This series of articles is an attempt to play through The Canon of videogames: your Metroids, your Marios, your Zeldas, your Pokemons, that kind of thing.

Except I'm not playing the original games. Instead, I'm playing only remakes, remixes, and weird fan projects. This is the canon of games as seen through the eyes of fans, and I'm going to treat fan games as what they are: legitimate works of art in their own right that deserve our analysis and respect.

Friday, February 10, 2012

The Blind Watchmenmaker

The internet will look up and scream, "Write us an article!"


And I'll whisper, "Come on, guys, I've got a headache and I've had a rough week. Oh fine, I'll write the damn article. Damn internet."
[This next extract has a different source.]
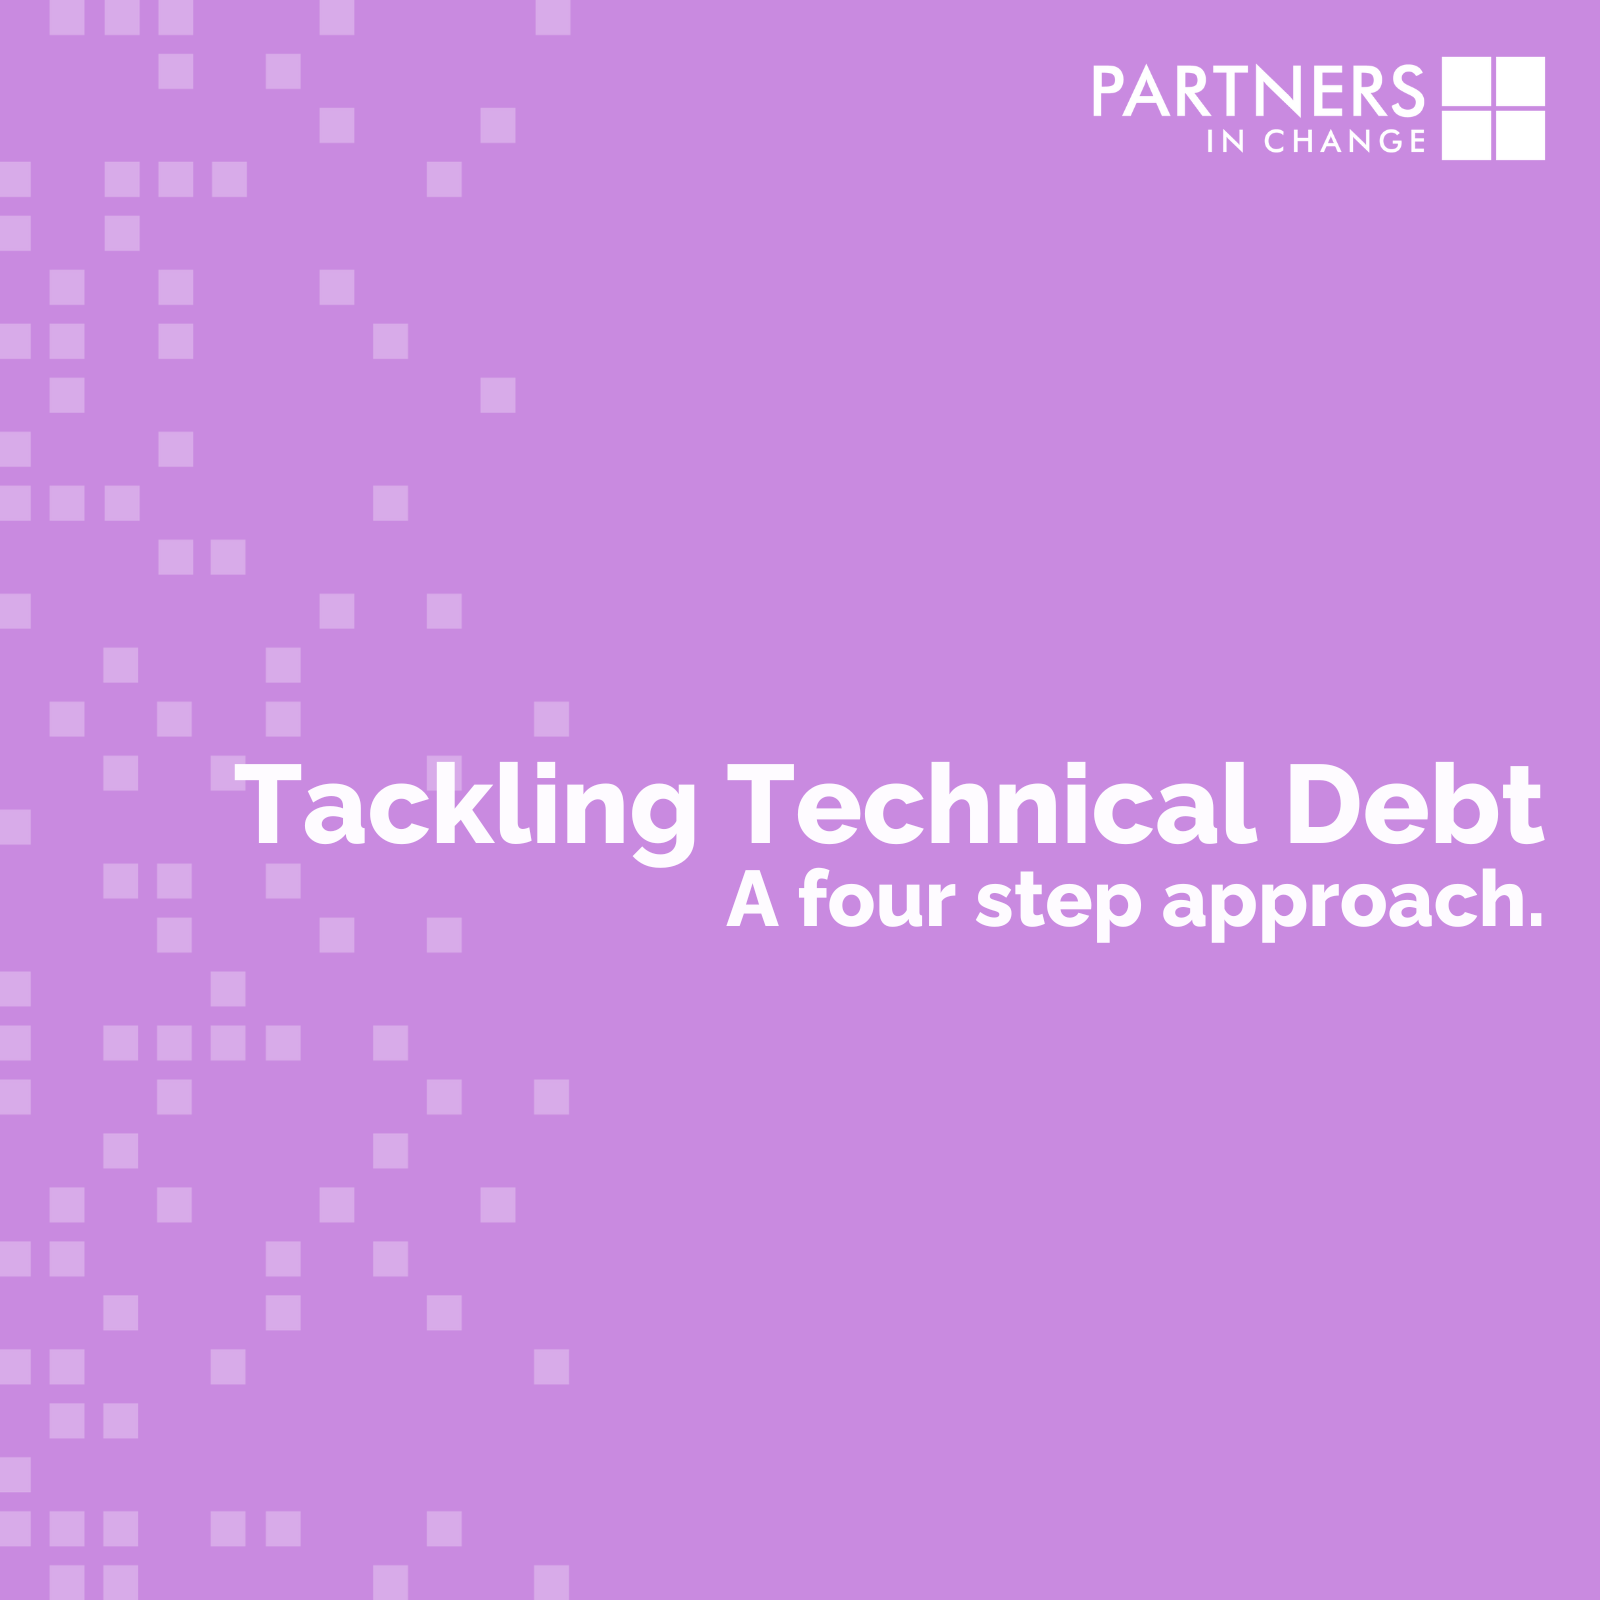 Tackling Legacy Technical Debt – a Four Step Approach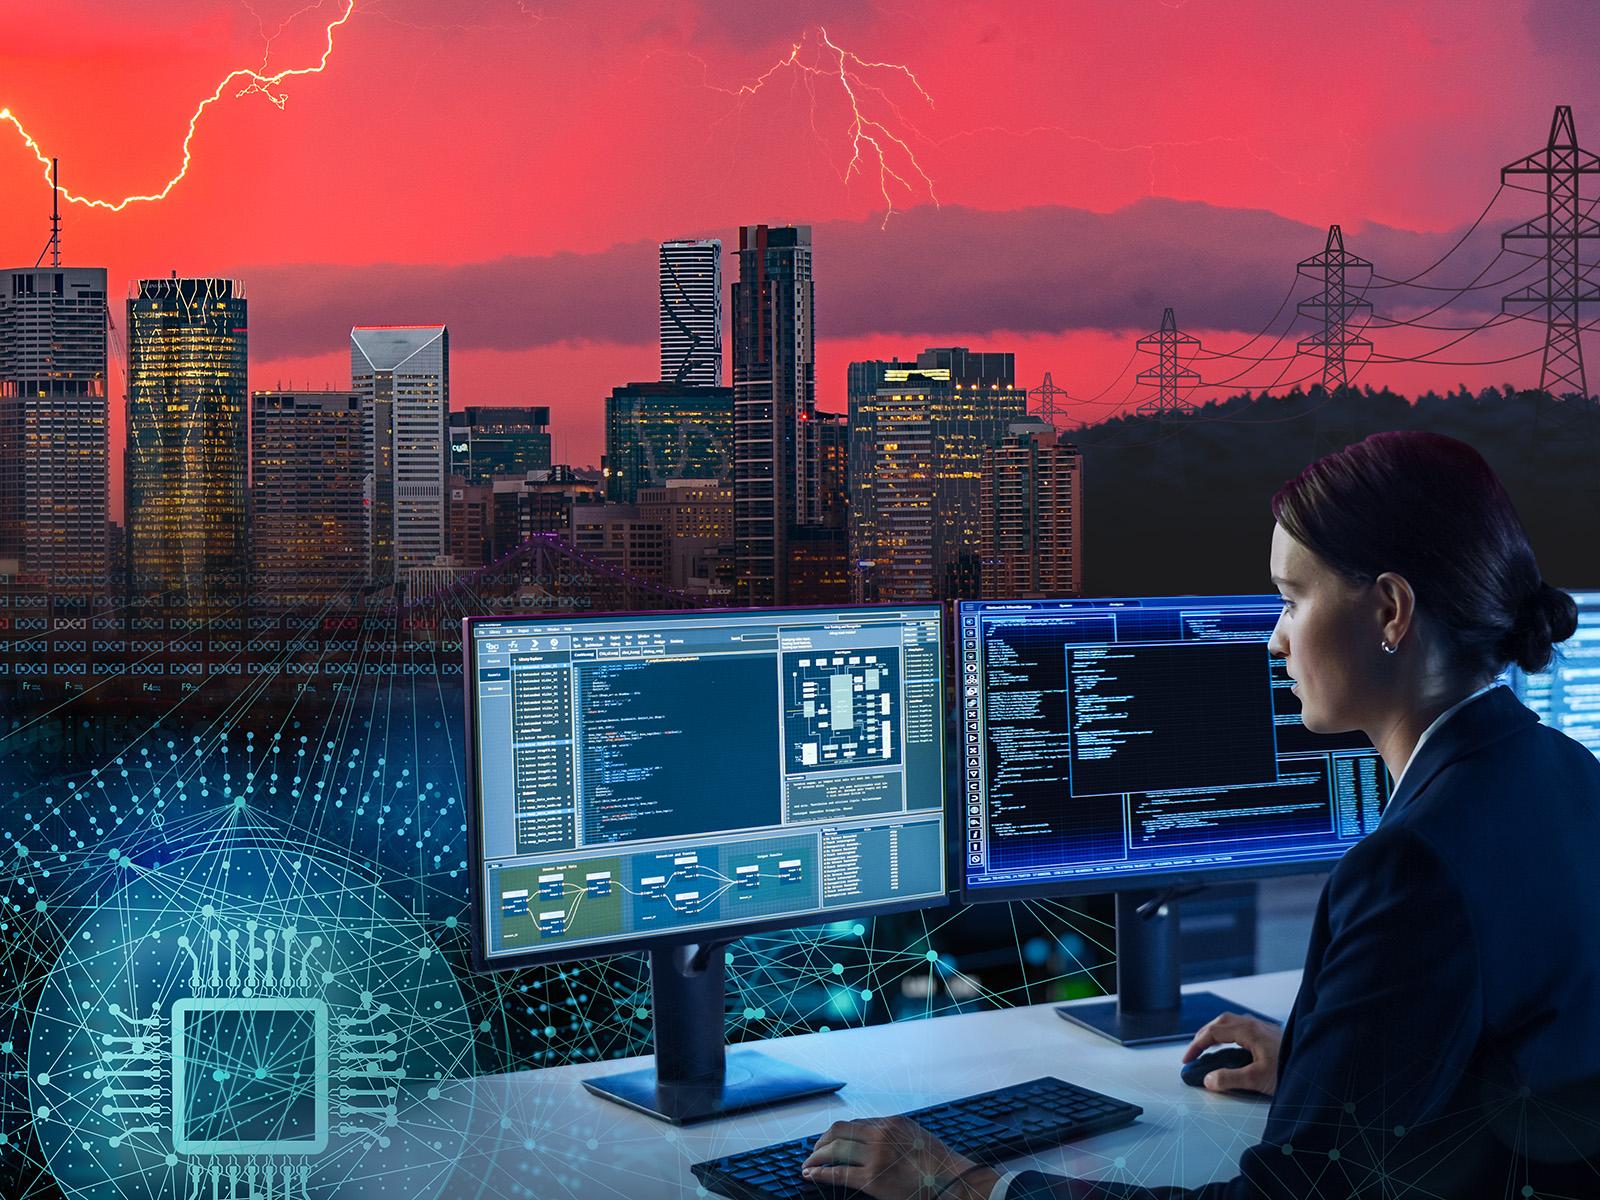 Composite image depicting a red-toned stormy city skyline, powerlines, and woman sitting at computer screens

Does this make me crazy? Probably.


Keeper's Journal, February 10, 2012.


The Tubes are full of nerds, and the nerds are full of rage.


Nerd rage.


DC announced a whole slew of prequels, prequels to WATCHMEN, the Sacred Cow of Comics. Alan Moore denounced it. Dave Gibbons stayed out of it. Might be the only sane man here. Might be a coward. Might be losing the thread of this article. Hrm.


Problem is, there's not a lot more to say about WATCHMEN. DC is trying, but like a dumb blogger aping Rorschach's prose style, final product bound to come off as a cheep imitation.


It all comes back to theme.


See, the power of WATCHMEN was a deconstruction. Its power came from its theme and how it used the warped, twisted psyches of its characters to strip away the assumptions of the Superhero Comic. It laid the dark truths inherent in the genre bare. But in the process, it mined the whole of its promise. Entire premise based on deconstructing the characters individually in a compressed space. Result is a series of portraits that seem complete in and of themselves. So, the theme and characters have nowhere to go. It's a thematic planned obsolescence not seen in the ongoing stories told about nancyboys like that Superman or half-rate losers like Spiderman (Possibly homosexual? Hrm).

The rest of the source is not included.